_Supplied information_
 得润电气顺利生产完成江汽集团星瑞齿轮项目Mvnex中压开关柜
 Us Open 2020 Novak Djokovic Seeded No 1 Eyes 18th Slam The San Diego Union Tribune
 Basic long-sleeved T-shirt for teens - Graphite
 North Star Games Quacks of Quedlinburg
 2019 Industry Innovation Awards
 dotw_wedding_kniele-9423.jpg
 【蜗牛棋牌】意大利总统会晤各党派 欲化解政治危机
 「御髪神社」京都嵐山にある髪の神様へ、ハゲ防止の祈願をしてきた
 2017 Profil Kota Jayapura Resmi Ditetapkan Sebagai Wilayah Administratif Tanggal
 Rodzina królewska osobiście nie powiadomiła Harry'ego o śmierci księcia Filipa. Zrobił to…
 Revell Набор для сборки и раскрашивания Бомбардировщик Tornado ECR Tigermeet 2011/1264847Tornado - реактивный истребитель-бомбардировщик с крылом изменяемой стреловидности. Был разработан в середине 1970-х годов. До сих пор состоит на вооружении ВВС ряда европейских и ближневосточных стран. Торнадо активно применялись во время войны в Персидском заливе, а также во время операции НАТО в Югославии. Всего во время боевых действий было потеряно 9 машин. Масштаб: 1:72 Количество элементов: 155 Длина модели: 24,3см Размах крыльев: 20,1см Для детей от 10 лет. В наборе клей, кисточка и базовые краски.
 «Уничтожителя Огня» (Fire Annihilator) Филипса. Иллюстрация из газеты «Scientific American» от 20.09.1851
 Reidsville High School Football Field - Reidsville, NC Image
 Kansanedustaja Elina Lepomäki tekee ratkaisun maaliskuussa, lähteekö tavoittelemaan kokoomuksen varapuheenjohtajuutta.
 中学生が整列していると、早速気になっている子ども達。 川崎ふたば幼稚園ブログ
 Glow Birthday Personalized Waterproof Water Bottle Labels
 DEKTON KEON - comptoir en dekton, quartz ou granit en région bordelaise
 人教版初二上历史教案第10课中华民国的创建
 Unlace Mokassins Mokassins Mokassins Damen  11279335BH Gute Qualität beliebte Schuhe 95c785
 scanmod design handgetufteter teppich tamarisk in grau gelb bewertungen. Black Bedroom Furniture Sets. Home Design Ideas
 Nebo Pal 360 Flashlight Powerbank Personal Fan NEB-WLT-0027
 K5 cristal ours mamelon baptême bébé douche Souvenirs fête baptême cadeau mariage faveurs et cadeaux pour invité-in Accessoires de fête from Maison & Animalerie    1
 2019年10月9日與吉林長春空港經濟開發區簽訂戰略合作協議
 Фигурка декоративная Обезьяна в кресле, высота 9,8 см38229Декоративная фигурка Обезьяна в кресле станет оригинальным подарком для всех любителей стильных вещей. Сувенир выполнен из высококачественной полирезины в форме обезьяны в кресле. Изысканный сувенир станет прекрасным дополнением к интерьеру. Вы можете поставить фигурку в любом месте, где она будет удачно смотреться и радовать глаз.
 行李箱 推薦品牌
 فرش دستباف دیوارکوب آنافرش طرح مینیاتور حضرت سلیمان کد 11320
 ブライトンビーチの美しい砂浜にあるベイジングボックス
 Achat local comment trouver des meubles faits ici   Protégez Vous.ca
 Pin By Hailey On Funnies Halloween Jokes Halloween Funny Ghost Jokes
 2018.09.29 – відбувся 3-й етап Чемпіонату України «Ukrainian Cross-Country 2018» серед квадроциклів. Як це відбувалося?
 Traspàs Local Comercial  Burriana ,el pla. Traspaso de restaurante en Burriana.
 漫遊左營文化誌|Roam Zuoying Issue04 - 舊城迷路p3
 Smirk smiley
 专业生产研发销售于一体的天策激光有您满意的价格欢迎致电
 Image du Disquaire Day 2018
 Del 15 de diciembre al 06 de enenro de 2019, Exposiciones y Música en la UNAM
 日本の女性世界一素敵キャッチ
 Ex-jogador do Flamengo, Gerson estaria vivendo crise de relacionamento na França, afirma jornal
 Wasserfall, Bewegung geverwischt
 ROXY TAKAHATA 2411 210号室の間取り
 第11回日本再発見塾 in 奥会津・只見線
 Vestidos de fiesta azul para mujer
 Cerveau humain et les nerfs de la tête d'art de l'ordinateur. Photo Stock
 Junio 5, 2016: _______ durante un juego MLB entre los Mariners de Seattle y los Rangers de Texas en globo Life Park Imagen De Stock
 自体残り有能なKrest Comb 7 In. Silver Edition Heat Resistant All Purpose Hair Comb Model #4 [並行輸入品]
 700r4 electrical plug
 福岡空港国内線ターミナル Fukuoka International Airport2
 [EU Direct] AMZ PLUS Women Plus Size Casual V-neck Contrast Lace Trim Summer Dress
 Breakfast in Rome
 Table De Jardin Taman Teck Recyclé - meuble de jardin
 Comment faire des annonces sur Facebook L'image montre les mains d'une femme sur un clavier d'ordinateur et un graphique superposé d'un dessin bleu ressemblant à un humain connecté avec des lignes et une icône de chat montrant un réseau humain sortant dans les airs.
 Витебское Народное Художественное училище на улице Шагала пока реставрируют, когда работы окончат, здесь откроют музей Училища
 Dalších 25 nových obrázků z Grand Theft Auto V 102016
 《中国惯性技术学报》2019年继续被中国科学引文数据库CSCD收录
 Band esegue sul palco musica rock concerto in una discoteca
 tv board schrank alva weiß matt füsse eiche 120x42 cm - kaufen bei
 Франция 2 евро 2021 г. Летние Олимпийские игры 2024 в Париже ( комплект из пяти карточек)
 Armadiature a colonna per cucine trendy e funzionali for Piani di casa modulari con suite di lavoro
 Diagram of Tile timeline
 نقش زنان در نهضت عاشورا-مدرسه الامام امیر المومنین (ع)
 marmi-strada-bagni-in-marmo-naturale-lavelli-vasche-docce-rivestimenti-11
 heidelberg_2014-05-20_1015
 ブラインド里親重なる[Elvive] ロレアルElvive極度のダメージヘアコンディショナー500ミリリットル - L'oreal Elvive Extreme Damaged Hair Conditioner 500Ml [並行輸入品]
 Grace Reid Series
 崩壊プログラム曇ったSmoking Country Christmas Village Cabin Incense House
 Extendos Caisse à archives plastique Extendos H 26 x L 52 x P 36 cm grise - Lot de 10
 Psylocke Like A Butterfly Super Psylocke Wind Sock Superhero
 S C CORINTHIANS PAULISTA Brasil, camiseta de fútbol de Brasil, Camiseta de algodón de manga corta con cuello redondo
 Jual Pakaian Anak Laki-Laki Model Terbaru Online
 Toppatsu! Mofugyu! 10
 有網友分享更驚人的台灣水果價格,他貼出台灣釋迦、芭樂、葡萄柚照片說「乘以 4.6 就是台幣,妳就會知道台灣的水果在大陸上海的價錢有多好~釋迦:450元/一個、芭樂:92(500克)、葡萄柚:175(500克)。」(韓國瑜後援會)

_Brief_
Please print each entry once more, exactly as it reads.

_Written reply_
 得润电气顺利生产完成江汽集团星瑞齿轮项目Mvnex中压开关柜
 Us Open 2020 Novak Djokovic Seeded No 1 Eyes 18th Slam The San Diego Union Tribune
 Basic long-sleeved T-shirt for teens - Graphite
 North Star Games Quacks of Quedlinburg
 2019 Industry Innovation Awards
 dotw_wedding_kniele-9423.jpg
 【蜗牛棋牌】意大利总统会晤各党派 欲化解政治危机
 「御髪神社」京都嵐山にある髪の神様へ、ハゲ防止の祈願をしてきた
 2017 Profil Kota Jayapura Resmi Ditetapkan Sebagai Wilayah Administratif Tanggal
 Rodzina królewska osobiście nie powiadomiła Harry'ego o śmierci księcia Filipa. Zrobił to…
 Revell Набор для сборки и раскрашивания Бомбардировщик Tornado ECR Tigermeet 2011/1264847Tornado - реактивный истребитель-бомбардировщик с крылом изменяемой стреловидности. Был разработан в середине 1970-х годов. До сих пор состоит на вооружении ВВС ряда европейских и ближневосточных стран. Торнадо активно применялись во время войны в Персидском заливе, а также во время операции НАТО в Югославии. Всего во время боевых действий было потеряно 9 машин. Масштаб: 1:72 Количество элементов: 155 Длина модели: 24,3см Размах крыльев: 20,1см Для детей от 10 лет. В наборе клей, кисточка и базовые краски.
 «Уничтожителя Огня» (Fire Annihilator) Филипса. Иллюстрация из газеты «Scientific American» от 20.09.1851
 Reidsville High School Football Field - Reidsville, NC Image
 Kansanedustaja Elina Lepomäki tekee ratkaisun maaliskuussa, lähteekö tavoittelemaan kokoomuksen varapuheenjohtajuutta.
 中学生が整列していると、早速気になっている子ども達。 川崎ふたば幼稚園ブログ
 Glow Birthday Personalized Waterproof Water Bottle Labels
 DEKTON KEON - comptoir en dekton, quartz ou granit en région bordelaise
 人教版初二上历史教案第10课中华民国的创建
 Unlace Mokassins Mokassins Mokassins Damen  11279335BH Gute Qualität beliebte Schuhe 95c785
 scanmod design handgetufteter teppich tamarisk in grau gelb bewertungen. Black Bedroom Furniture Sets. Home Design Ideas
 Nebo Pal 360 Flashlight Powerbank Personal Fan NEB-WLT-0027
 K5 cristal ours mamelon baptême bébé douche Souvenirs fête baptême cadeau mariage faveurs et cadeaux pour invité-in Accessoires de fête from Maison & Animalerie    1
 2019年10月9日與吉林長春空港經濟開發區簽訂戰略合作協議
 Фигурка декоративная Обезьяна в кресле, высота 9,8 см38229Декоративная фигурка Обезьяна в кресле станет оригинальным подарком для всех любителей стильных вещей. Сувенир выполнен из высококачественной полирезины в форме обезьяны в кресле. Изысканный сувенир станет прекрасным дополнением к интерьеру. Вы можете поставить фигурку в любом месте, где она будет удачно смотреться и радовать глаз.
 行李箱 推薦品牌
 فرش دستباف دیوارکوب آنافرش طرح مینیاتور حضرت سلیمان کد 11320
 ブライトンビーチの美しい砂浜にあるベイジングボックス
 Achat local comment trouver des meubles faits ici   Protégez Vous.ca
 Pin By Hailey On Funnies Halloween Jokes Halloween Funny Ghost Jokes
 2018.09.29 – відбувся 3-й етап Чемпіонату України «Ukrainian Cross-Country 2018» серед квадроциклів. Як це відбувалося?
 Traspàs Local Comercial  Burriana ,el pla. Traspaso de restaurante en Burriana.
 漫遊左營文化誌|Roam Zuoying Issue04 - 舊城迷路p3
 Smirk smiley
 专业生产研发销售于一体的天策激光有您满意的价格欢迎致电
 Image du Disquaire Day 2018
 Del 15 de diciembre al 06 de enenro de 2019, Exposiciones y Música en la UNAM
 日本の女性世界一素敵キャッチ
 Ex-jogador do Flamengo, Gerson estaria vivendo crise de relacionamento na França, afirma jornal
 Wasserfall, Bewegung geverwischt
 ROXY TAKAHATA 2411 210号室の間取り
 第11回日本再発見塾 in 奥会津・只見線
 Vestidos de fiesta azul para mujer
 Cerveau humain et les nerfs de la tête d'art de l'ordinateur. Photo Stock
 Junio 5, 2016: _______ durante un juego MLB entre los Mariners de Seattle y los Rangers de Texas en globo Life Park Imagen De Stock
 自体残り有能なKrest Comb 7 In. Silver Edition Heat Resistant All Purpose Hair Comb Model #4 [並行輸入品]
 700r4 electrical plug
 福岡空港国内線ターミナル Fukuoka International Airport2
 [EU Direct] AMZ PLUS Women Plus Size Casual V-neck Contrast Lace Trim Summer Dress
 Breakfast in Rome
 Table De Jardin Taman Teck Recyclé - meuble de jardin
 Comment faire des annonces sur Facebook L'image montre les mains d'une femme sur un clavier d'ordinateur et un graphique superposé d'un dessin bleu ressemblant à un humain connecté avec des lignes et une icône de chat montrant un réseau humain sortant dans les airs.
 Витебское Народное Художественное училище на улице Шагала пока реставрируют, когда работы окончат, здесь откроют музей Училища
 Dalších 25 nových obrázků z Grand Theft Auto V 102016
 《中国惯性技术学报》2019年继续被中国科学引文数据库CSCD收录
 Band esegue sul palco musica rock concerto in una discoteca
 tv board schrank alva weiß matt füsse eiche 120x42 cm - kaufen bei
 Франция 2 евро 2021 г. Летние Олимпийские игры 2024 в Париже ( комплект из пяти карточек)
 Armadiature a colonna per cucine trendy e funzionali for Piani di casa modulari con suite di lavoro
 Diagram of Tile timeline
 نقش زنان در نهضت عاشورا-مدرسه الامام امیر المومنین (ع)
 marmi-strada-bagni-in-marmo-naturale-lavelli-vasche-docce-rivestimenti-11
 heidelberg_2014-05-20_1015
 ブラインド里親重なる[Elvive] ロレアルElvive極度のダメージヘアコンディショナー500ミリリットル - L'oreal Elvive Extreme Damaged Hair Conditioner 500Ml [並行輸入品]
 Grace Reid Series
 崩壊プログラム曇ったSmoking Country Christmas Village Cabin Incense House
 Extendos Caisse à archives plastique Extendos H 26 x L 52 x P 36 cm grise - Lot de 10
 Psylocke Like A Butterfly Super Psylocke Wind Sock Superhero
 S C CORINTHIANS PAULISTA Brasil, camiseta de fútbol de Brasil, Camiseta de algodón de manga corta con cuello redondo
 Jual Pakaian Anak Laki-Laki Model Terbaru Online
 Toppatsu! Mofugyu! 10
 有網友分享更驚人的台灣水果價格,他貼出台灣釋迦、芭樂、葡萄柚照片說「乘以 4.6 就是台幣,妳就會知道台灣的水果在大陸上海的價錢有多好~釋迦:450元/一個、芭樂:92(500克)、葡萄柚:175(500克)。」(韓國瑜後援會)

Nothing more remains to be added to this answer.